Thursday, 9 February 2023

Joint Oireachtas Committee on Housing, Planning and Local Government

General Scheme of the Planning and Development Bill: Discussion (Resumed)

Photo of Steven MatthewsSteven Matthews (Wicklow, Green Party) | Oireachtas source

I want to go to the other end of the spectrum of the planning system and deal with local government plans. Mr. Cussen referred to the role of the Planning Regulator as a referee in the planning system. It is my experience that the regulator catches many of the non-compliant objectives that councillors can, from time to time, put into their local area and county plans. Sometimes the Minister issues a direction on that. There is a cumulative impact of many small and insignificant decisions being made in local area and county plans. We have all been councillors and gone through that process. I have found it sometimes to be one of the most frustrating processes ever when you look at the rationale applied in the context of objectives being put into plans. Maybe that is sometimes done with the view of kicking it up the line to the regulator or the chief executive in order not to be the bad guy.

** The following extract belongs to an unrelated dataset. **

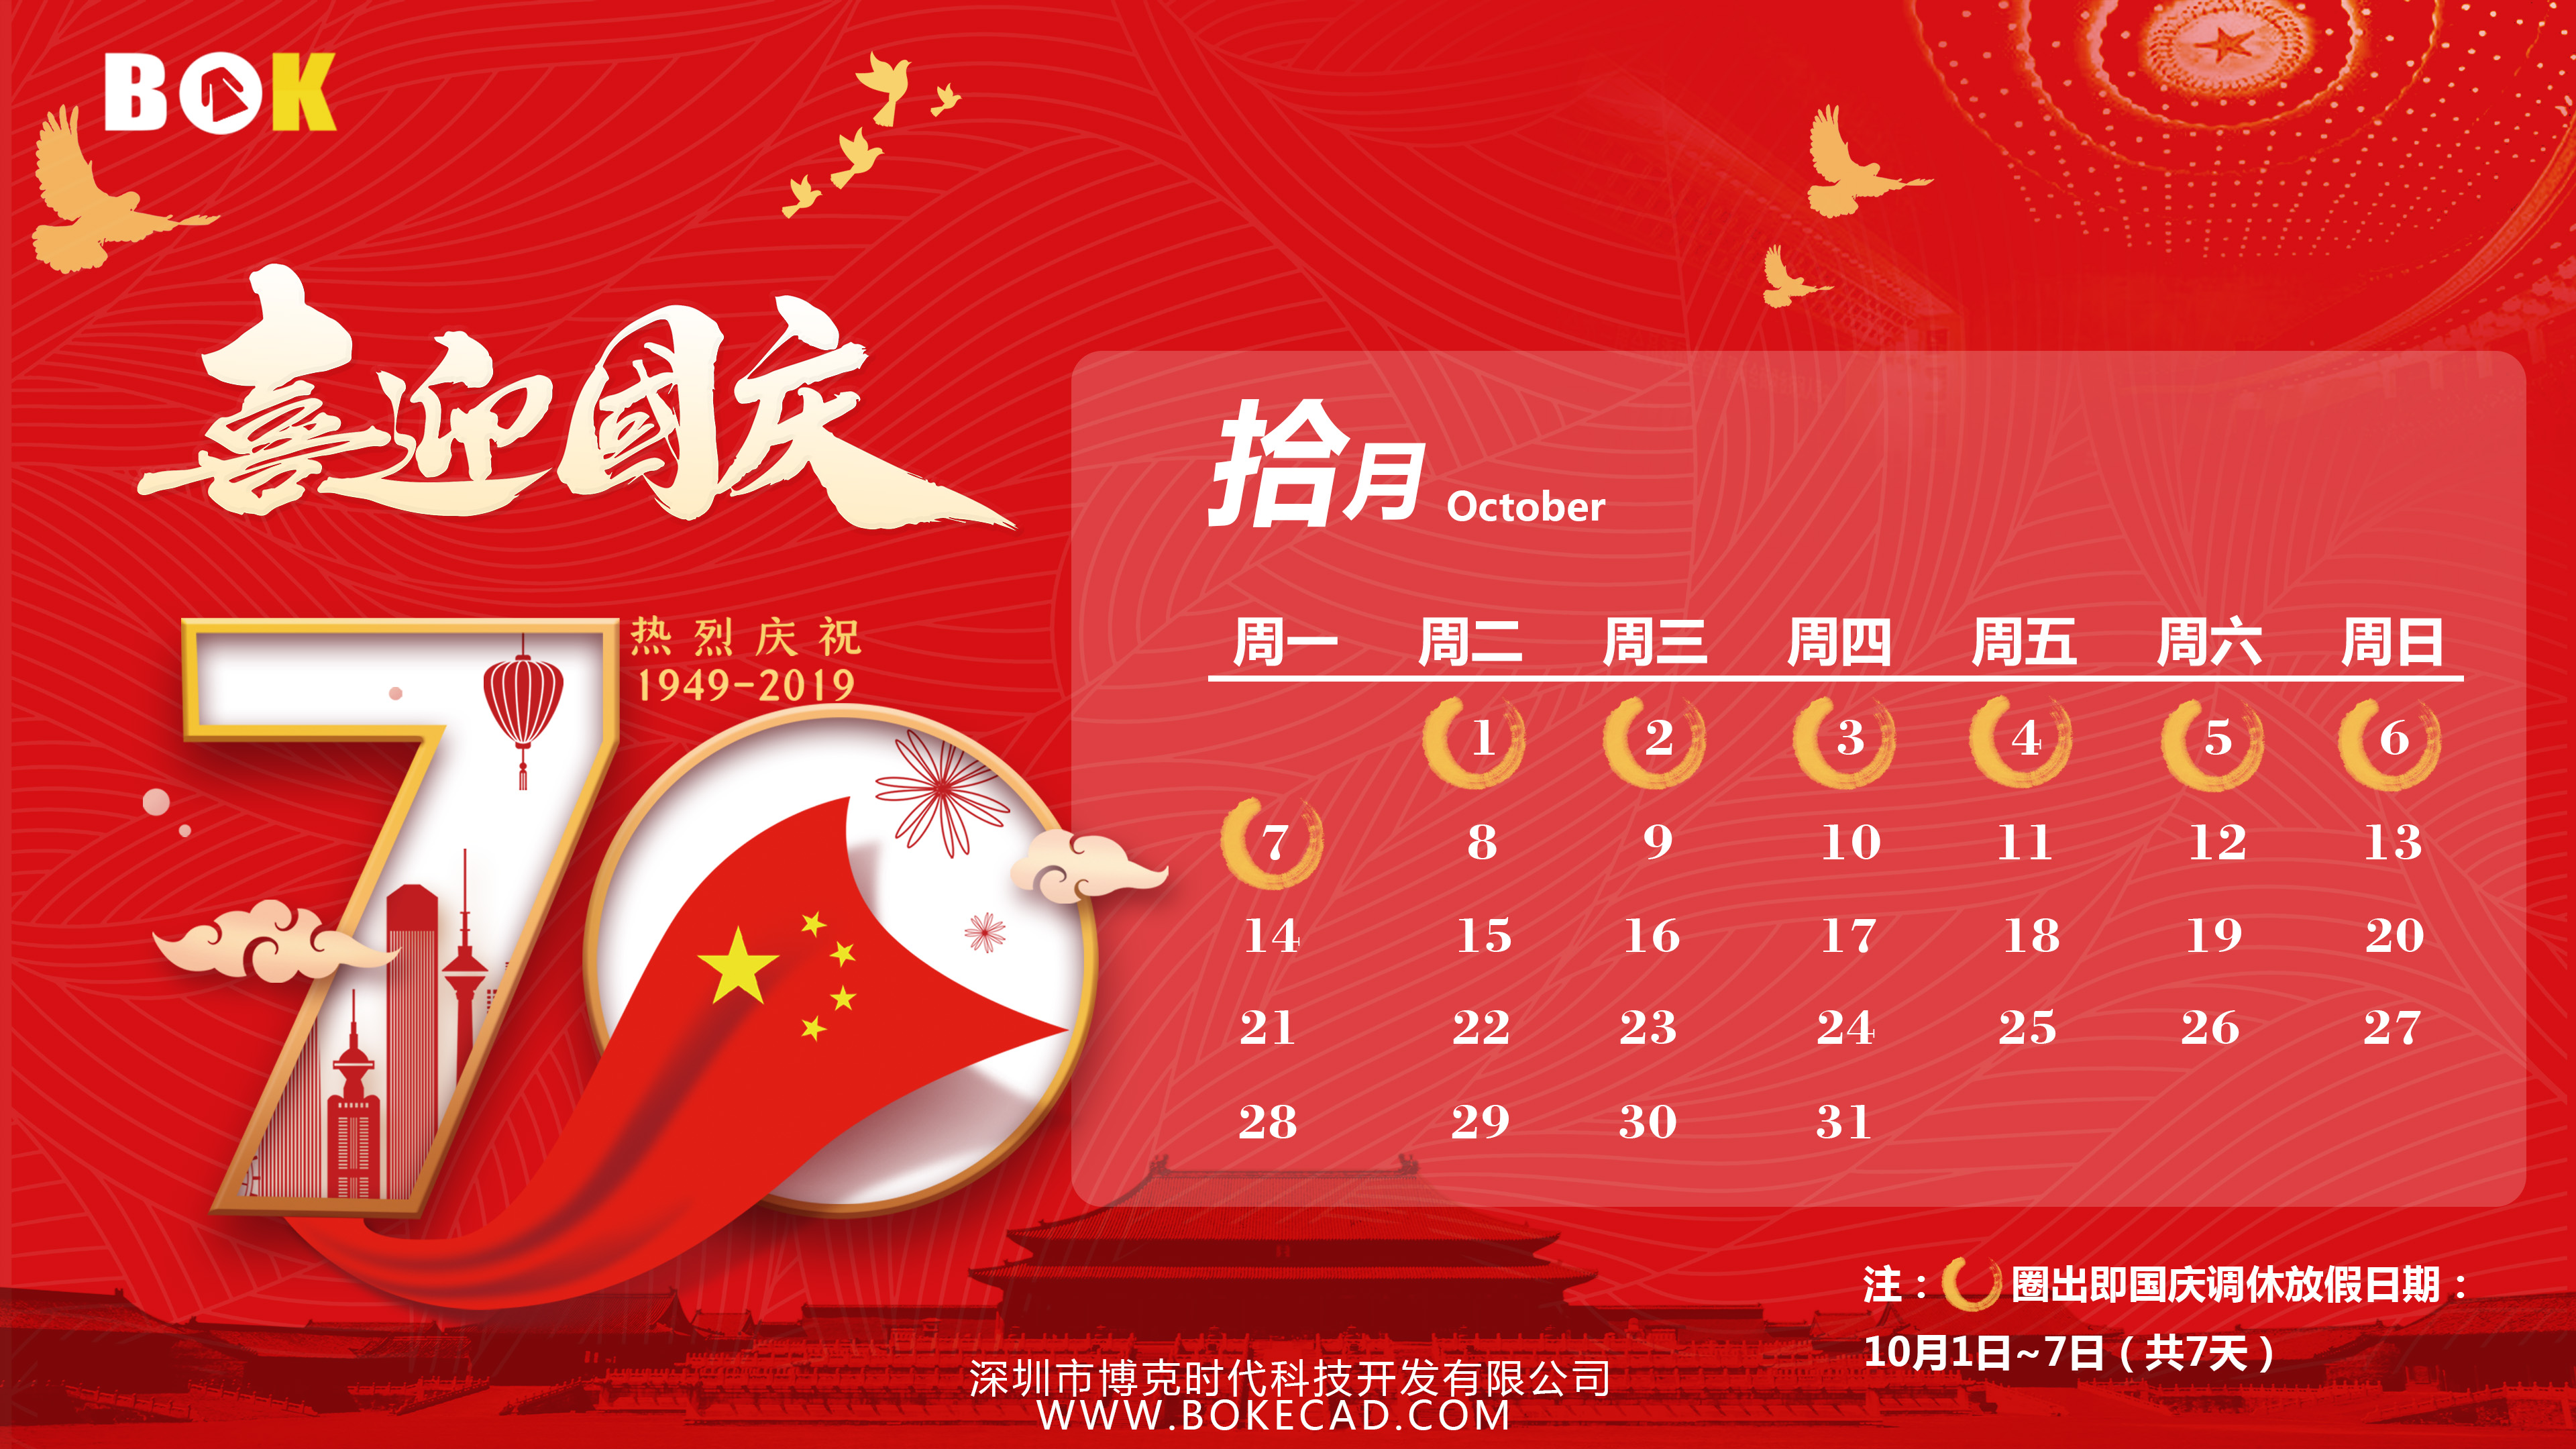 【通知】2019年“国庆节”放假通知！热烈庆祝中华人民共和国成立70周年

We get advice from Transport Infrastructure Ireland, the NTA, prescribed bodies, the senior planners and the chief executive not to do something but then it is done and goes into the plan. Is the Office of the Planning Regulator sufficiently staffed to catch the many small issues that can have a cumulative effect? In the context of planning, sometimes it is decided to stretch the boundaries of a settlement because a few more houses will not have a great impact in the context of, for example, transport. Local politicians are involved in the democratic process. They have an obligation to future generations and to the legacy of what they put in place. It is not just a case of making decisions that are popular now.